Его голос сел до слабого шепота, в горле пылал адский огонь, но он считал необходимым продолжить рассказ.
— Томасу было двенадцать лет. Чума не считалась ни с возрастом, ни с положением в обществе, ни с богатством… ни с чем. И она набросилась на Томаса… как будто стремясь вместе с ним уничтожить и его мать, и меня. Все, что могли сделать врачи, это лишь притупить боль опиумом. Но страдания его не прекратились. Отнюдь нет.
Он вновь прервался, чтобы сглотнуть, и почувствовал, как едкая слизь проскальзывает в горло.
— Принести вам чего-нибудь попить? — спросил Мэтью, вставая.
— Нет. Сиди. Я должен высказаться, пока могу говорить.
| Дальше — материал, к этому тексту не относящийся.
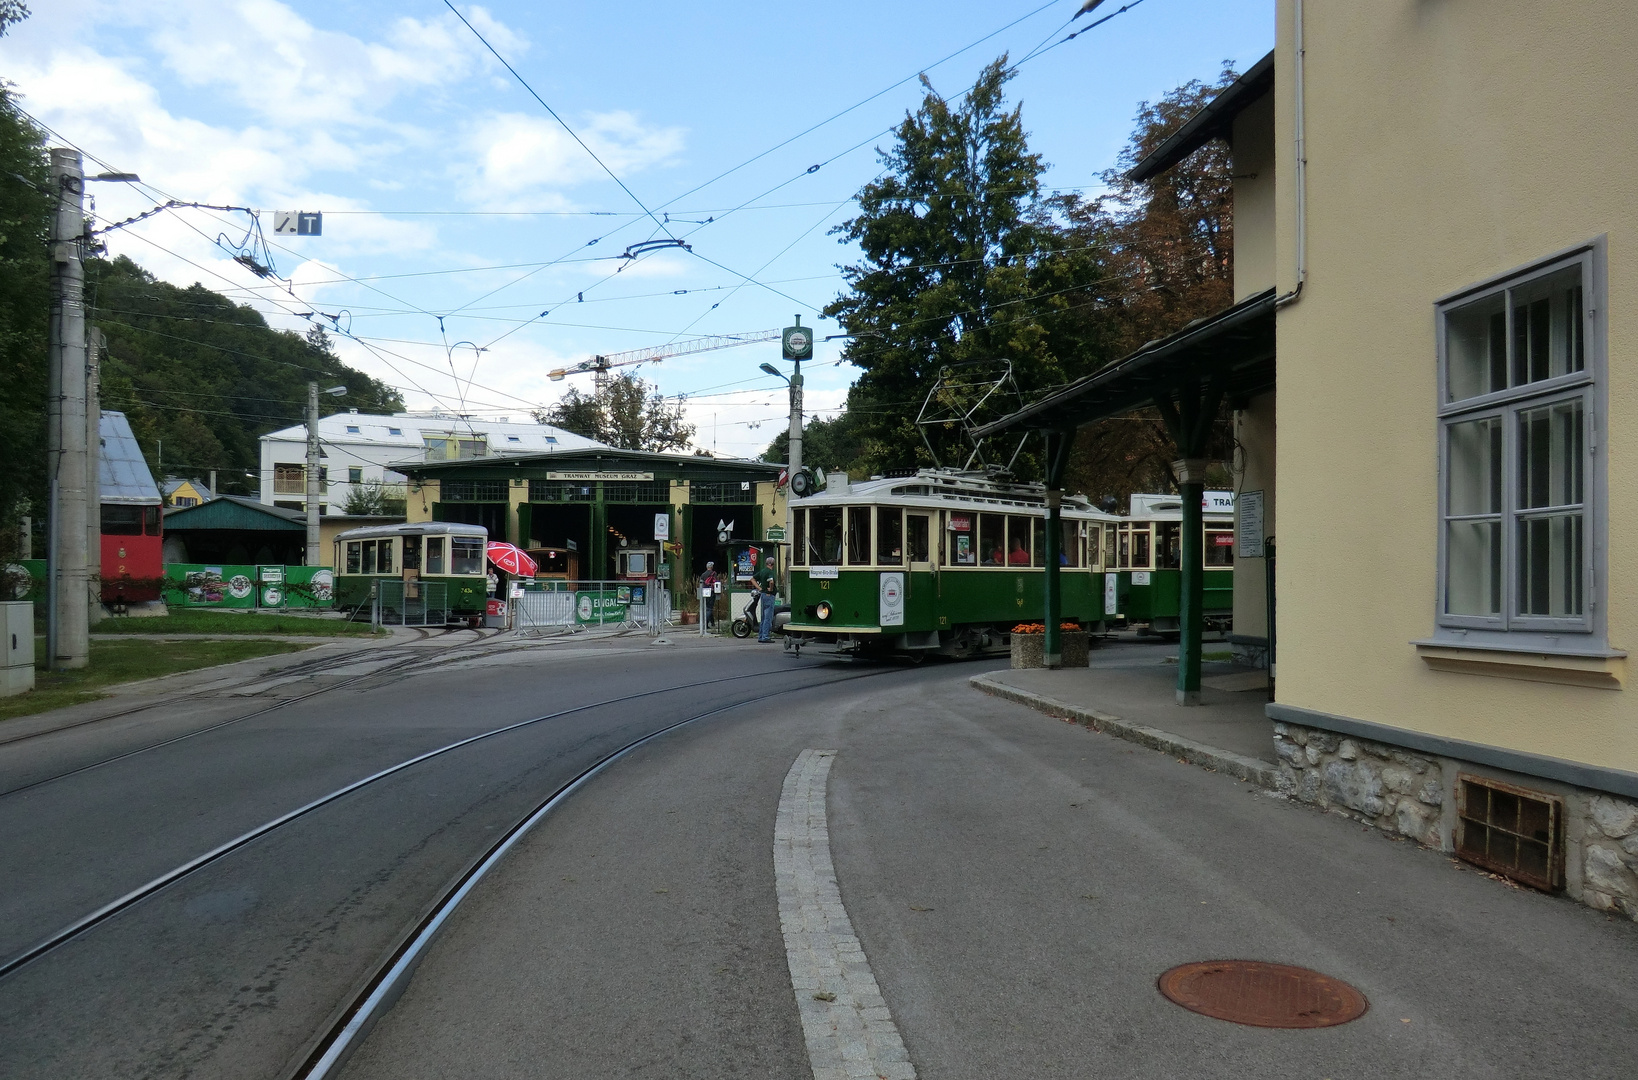 Graz Tramwaymuseum ....

Он подождал, когда Мэтью вновь усядется.
— Томас боролся, — продолжил он. — Но, конечно… победить он не мог. Его кожа так воспалилась, что ему было больно поворачиваться в постели. Однажды… он так сильно бился в судорогах, что кожа… начала слезать со спины, как кора с гнилого дерева. Повсюду были кровь и гной, и еще запах… этот запах… это зловоние смерти.
— Сэр, — вмешался Мэтью, — вам не стоит…
Вудворд остановил его жестом.
— Позволь мне закончить. Томас прожил десять дней после того, как заразился. Нет, «прожил» — неточное слово. Промучился. Эти дни и ночи слились для нас в один непрерывный кошмар. Его рвало потоками крови. Глаза настолько опухли от слез, что уже не открывались. Он лежал на испачканных простынях, потому что нам никто не помогал, а сами мы не успевали стирать белье. В последний день… судороги стали уже непрерывными. Он так крепко вцепился в железные прутья изголовья, что когда его тело выгибалось и дергалось… вся кровать подпрыгивала вместе с ним… как игрушечный чертик на пружинке. Я помню его лицо в тот предсмертный час. Его лицо…
Вудворд крепко зажмурил глаза, пот блестел на щеках, и Мэтью еле хватало сил смотреть на него — столь ужасным было это зрелище скорби, которую он так долго держал запертой в глубине души.